Step 2: Use the Sum-of-Two-Squares Function

For each \(x\), write

$r^2-x^2=(r-x)(r+x)=ab,$

with \(a=r-x\) and \(b=r+x\). The problem is now to evaluate \(r_2(ab)\).

If

$n=2^\alpha \prod_{p\equiv 1 \pmod{4}} p^{e_p}\prod_{q\equiv 3 \pmod{4}} q^{f_q},$

then the classical formula for the ordered signed representation count is

$r_2(n)= \begin{cases} 0, & \text{if some } f_q \text{ is odd},\\ 4\displaystyle\prod_{p\equiv 1 \pmod{4}}(e_p+1), & \text{otherwise}. \end{cases}$

So primes congruent to \(3 \pmod{4}\) are only a parity test: any odd exponent kills the term. Primes congruent to \(1 \pmod{4}\) contribute multiplicative factors \(e_p+1\). The exponent of \(2\) does not affect the value of \(r_2(n)\), so the implementation does not need a separate table for powers of \(2\).

Step 3: Why the Factor Tables for \(r=5^b\) Are Enough

The code first handles radii of the form \(r=5^b\). For \(x\in\{1,\dots,r-1\}\), set

$a=r-x,\qquad b=r+x.$

Any common divisor of \(a\) and \(b\) divides both \(a+b=2r\) and \(b-a=2x\), hence

$\gcd(a,b)\mid 2r=2\cdot 5^b.$

This simple fact is the key simplification. It implies that any odd prime \(p\neq 5\) can divide at most one of \(a\) and \(b\). Therefore:

\(1.\) A prime \(q\equiv 3 \pmod{4}\) has odd exponent in \(ab\) exactly when it has odd exponent in \(a\) or in \(b\). It is enough to know whether each factor is “bad”.

\(2.\) A prime \(p\equiv 1 \pmod{4}\), \(p\neq 5\), contributes independently from \(a\) and \(b\), because it cannot appear in both factors.

\(3.\) The prime \(5\) must be treated separately, because it is the only prime congruent to \(1 \pmod{4}\) that may appear in both \(a\) and \(b\).

That is why the solutions precompute, for every \(m\le 2r\):

$\texttt{bad}(m)= \begin{cases} 1,& \text{if some } q\equiv 3 \pmod{4} \text{ has odd exponent in }m,\\ 0,& \text{otherwise}, \end{cases}$

$\nu_5(m)=v_5(m),$

$g(m)=\prod_{\substack{p\equiv 1 \pmod{4}\\ p\neq 5}}(e_p(m)+1).$

If either \(a\) or \(b\) is bad, then \(r_2(ab)=0\).
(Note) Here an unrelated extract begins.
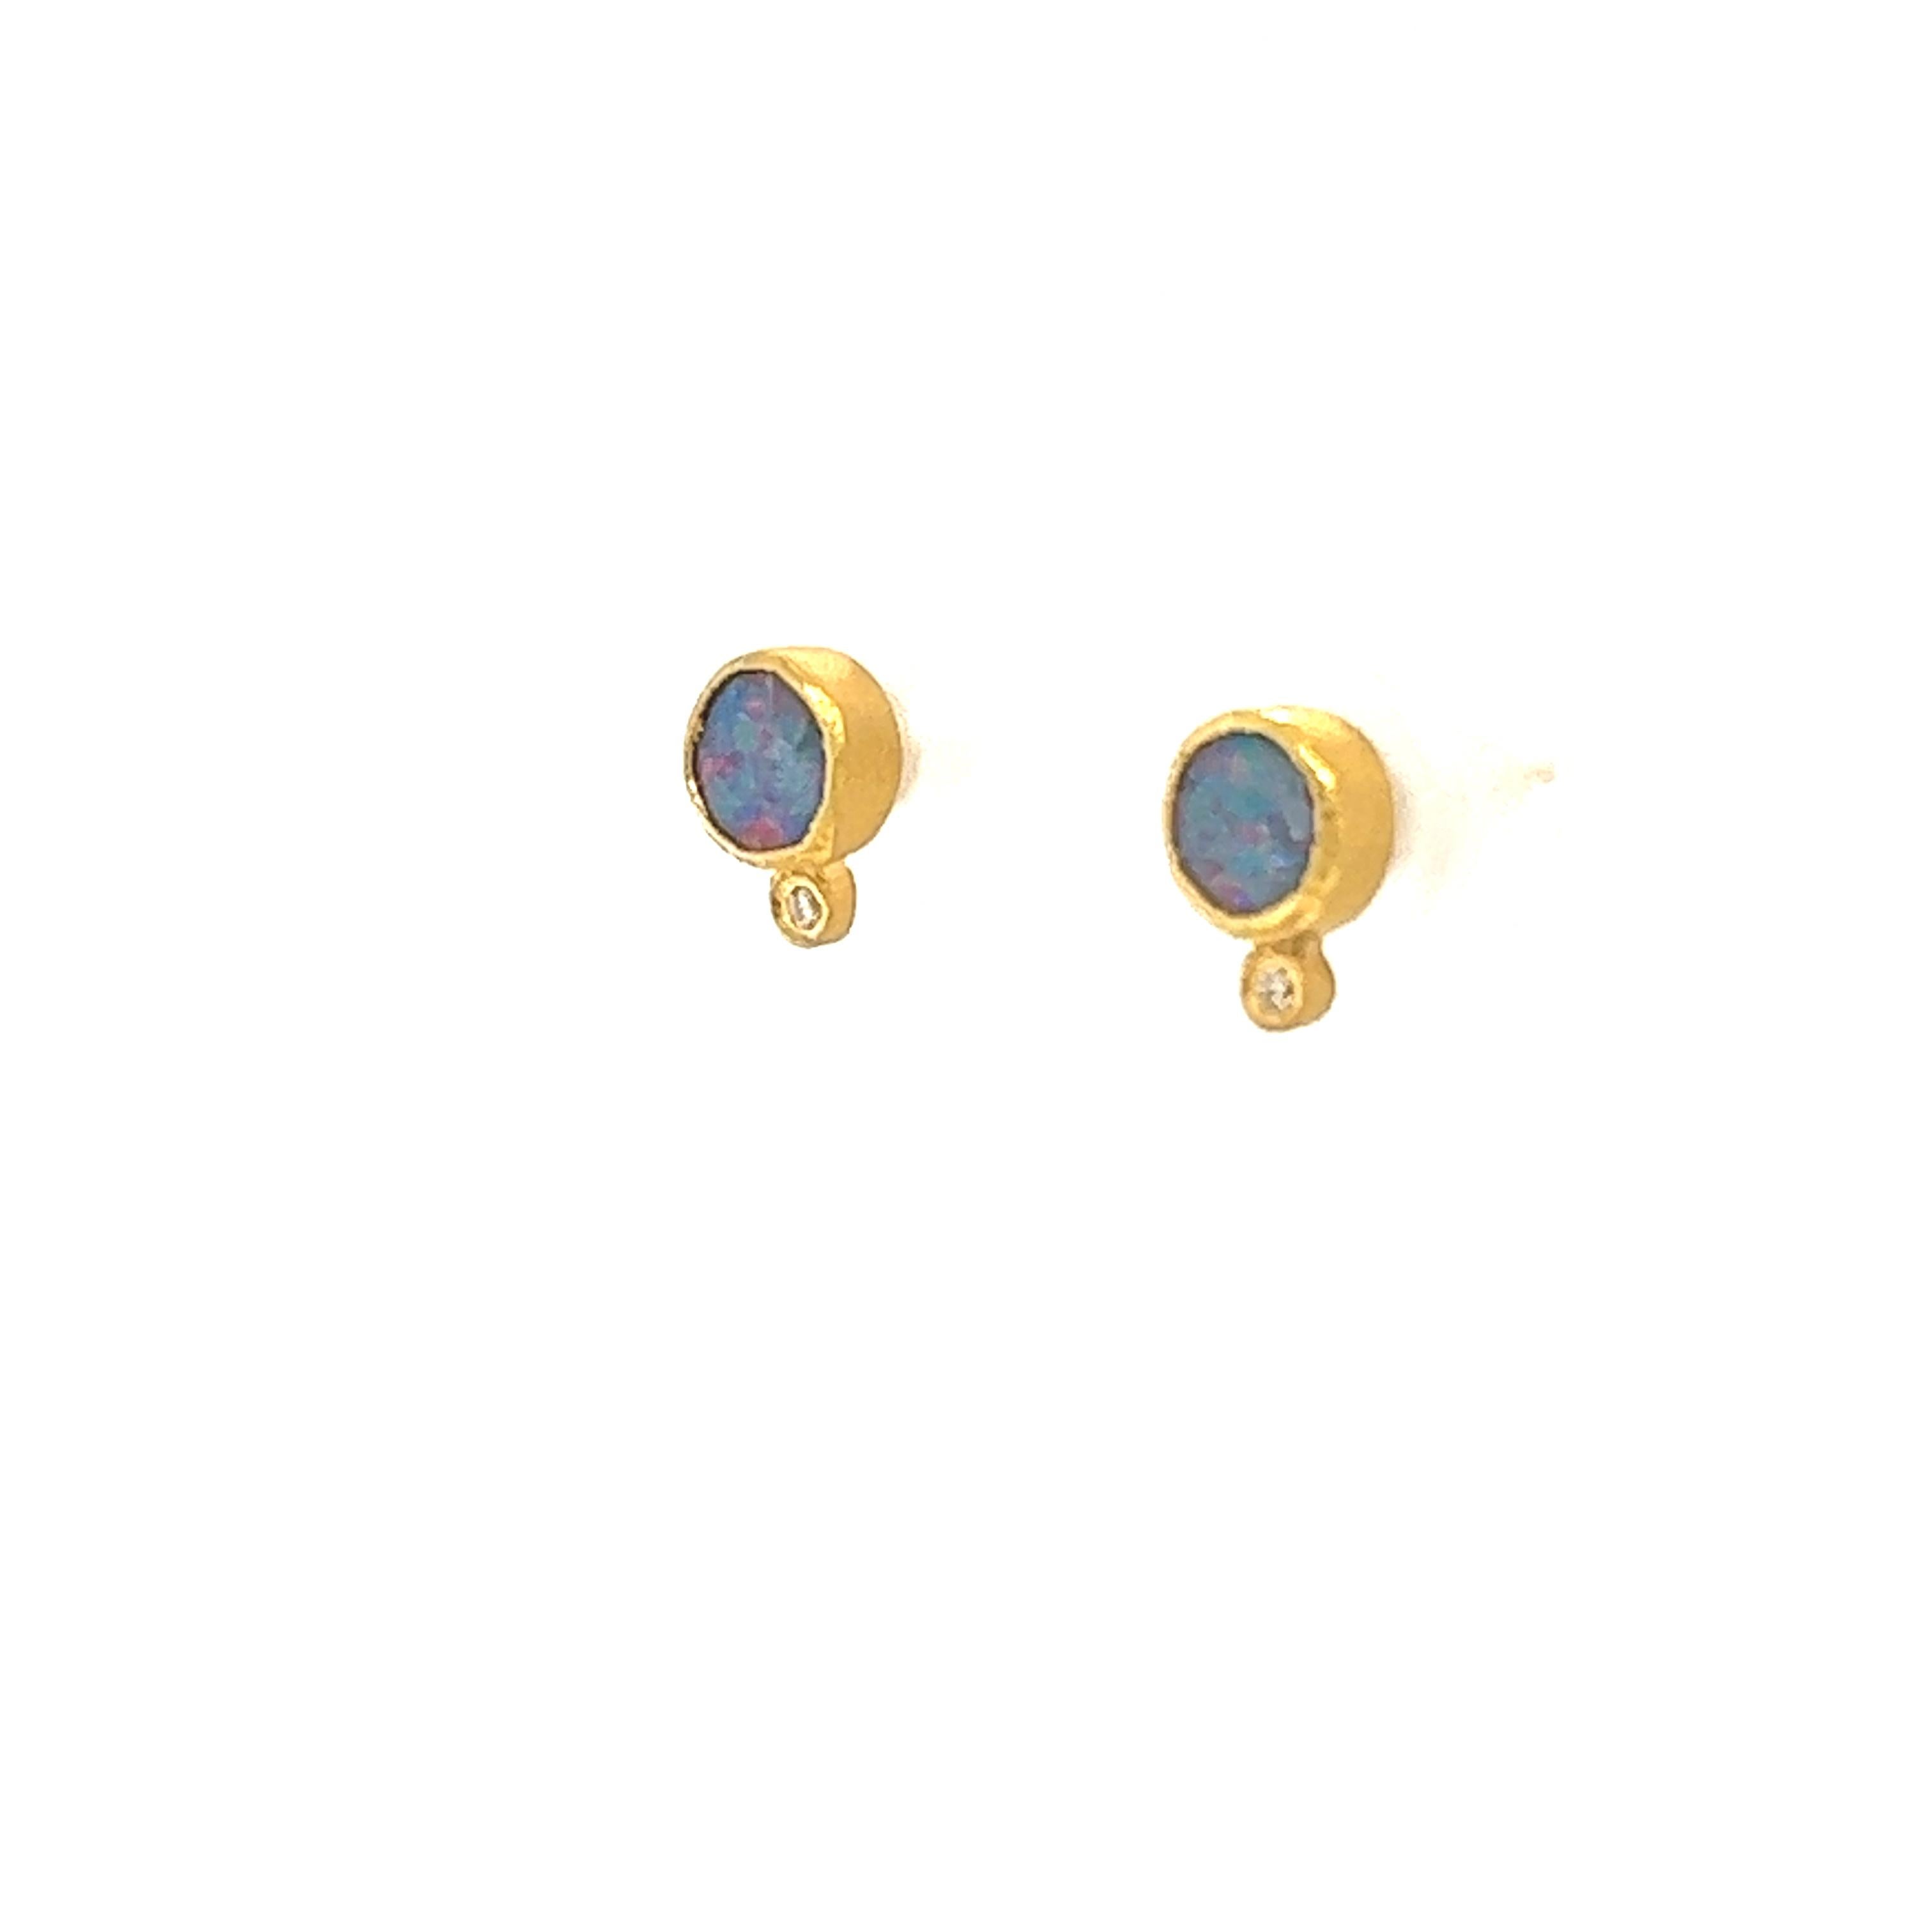 Round Cut Bright Rainbow Opal Stud Earrings with Diamonds, Solid 24K by Kurtulan

Otherwise the exponent of \(5\) in \(ab\) is \(\nu_5(a)+\nu_5(b)\), and the remaining \(1 \pmod{4}\) primes factor cleanly, so

$\boxed{r_2(ab)=4\,g(a)g(b)\bigl(\nu_5(a)+\nu_5(b)+1\bigr).}$

This is exactly the expression used in the C++, Python, and Java implementations.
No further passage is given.